Annelie's eyes and Laurel's were still connected, and the actress could see for herself that the woman in front of her knew what she was talking about.

"Nothing on the scanner," Sara said as she walked into the bedroom before stopping as she looked from her sister to the prone actress and back again, "what are you two doing?"

"Talking about trauma experts," Laurel said as her eyes returned to the wall.

"Can you recommend someone?" Annelie asked Sara.

"Bill Rivers was good. He helped me a lot after the Somme," Sara said, "but he's been dead a hundred years."

"I don't understand," Annelie said as she looked at Sara.

"It's a long story," Sara said.

"Literally and figuratively," Laurel added.

"Mind your own business." Sara said to her sister.

"Someone more recent and, you know, alive," Laurel replied, "who was that guy you talked to after Tangshan?"

"A friend of Martin's," Sara said, "he's dead now."

"I have no fucking idea what you two are talking about," Annelie said.

"We'll fill you in over dinner, once we have finished out sweep."


"How's she doing?" Renee asked.

Sara and Annelie were eating take out from a local Chinese restaurant and watching Outlander on Netflix while Sara pointed out all the historical inaccuracies. Laurel's dinner was interrupted by a call from her friend and employer.

"She's hanging in, but barely. That dead flight drew is really weighing on her. She'll probably do better once she gets to work, but right now she has too much time to sit and think. They've cancelled all her press and TV appearances."

"How are the Nighthawk people?"

"We saw them for a total of thirty minutes, but they seem fine. Professional. Not the usual east coast assholes."

"Good. But remember, they're on our turf now. We're primary. If it goes badly, it's on us. Careful with the hand-offs."

"We'll be careful."

"Regular status updates," Renee said just before ending the call.

"What did she say?" Sara asked as Laurel sat down to resume her dinner.

"Careful with the hand-offs."

"No shit."

Laurel's phone vibrated again.

"Trish is on her way. Ten minutes."

"I'll put a plate together for her," Annelie said as she began to stand up.

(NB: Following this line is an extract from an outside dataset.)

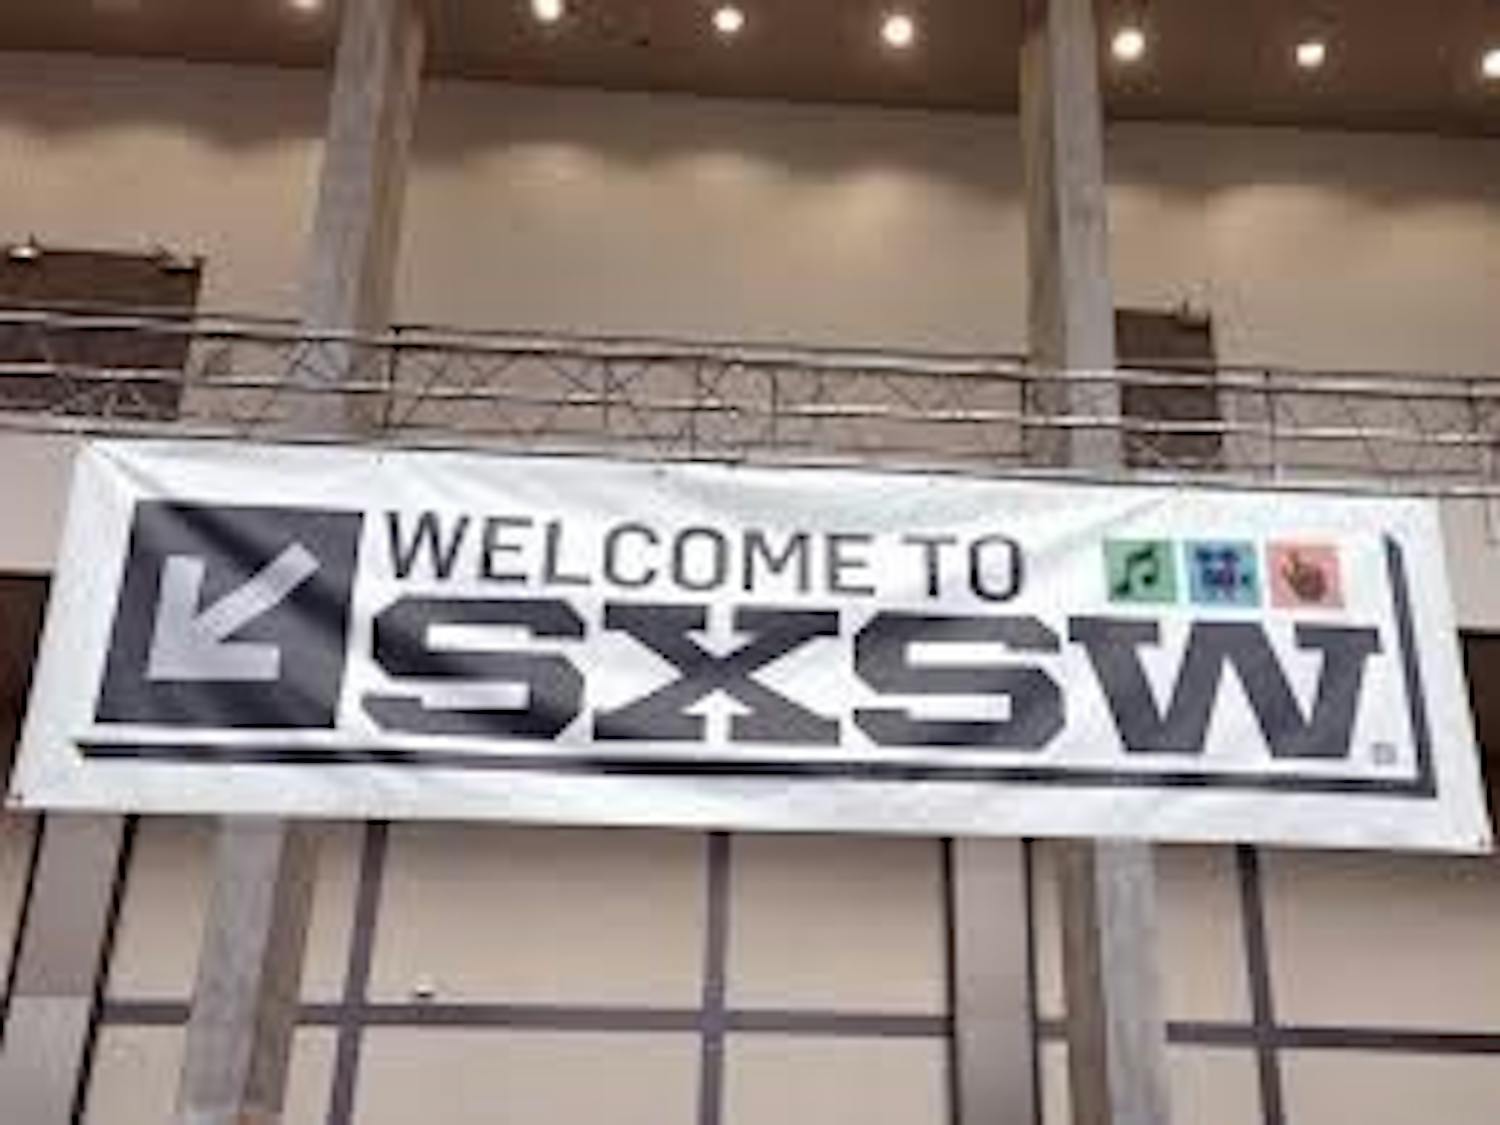 South by Southwest is one of the most influential yearly&nbsp;events in the arts and entertainment industry.&nbsp;

Neither sister failed to notice the improvement in her mood.

"She can't feed herself?" Sara asked as her face and voice adopted that look and tone that Laurel knew from experience meant she was playing up the pouty jealous type, "you didn't put a plate together for me."

Finally, a fucking smile appears, Laurel thought as the tall woman flashed her very white teeth.

"Did you want me to?" Annelie asked as her voice adopted a deeper, more intimate tone.

"It would just have been nice to be asked," Sara answered as her head tilted down and away slightly.

Jesus Christ, Laurel thought, you don't think she knows acting when she sees it?

From the look that Annelie gave Sara as she went to grab a clean plate from the kitchenette, Laurel concluded that the answer to that question was No.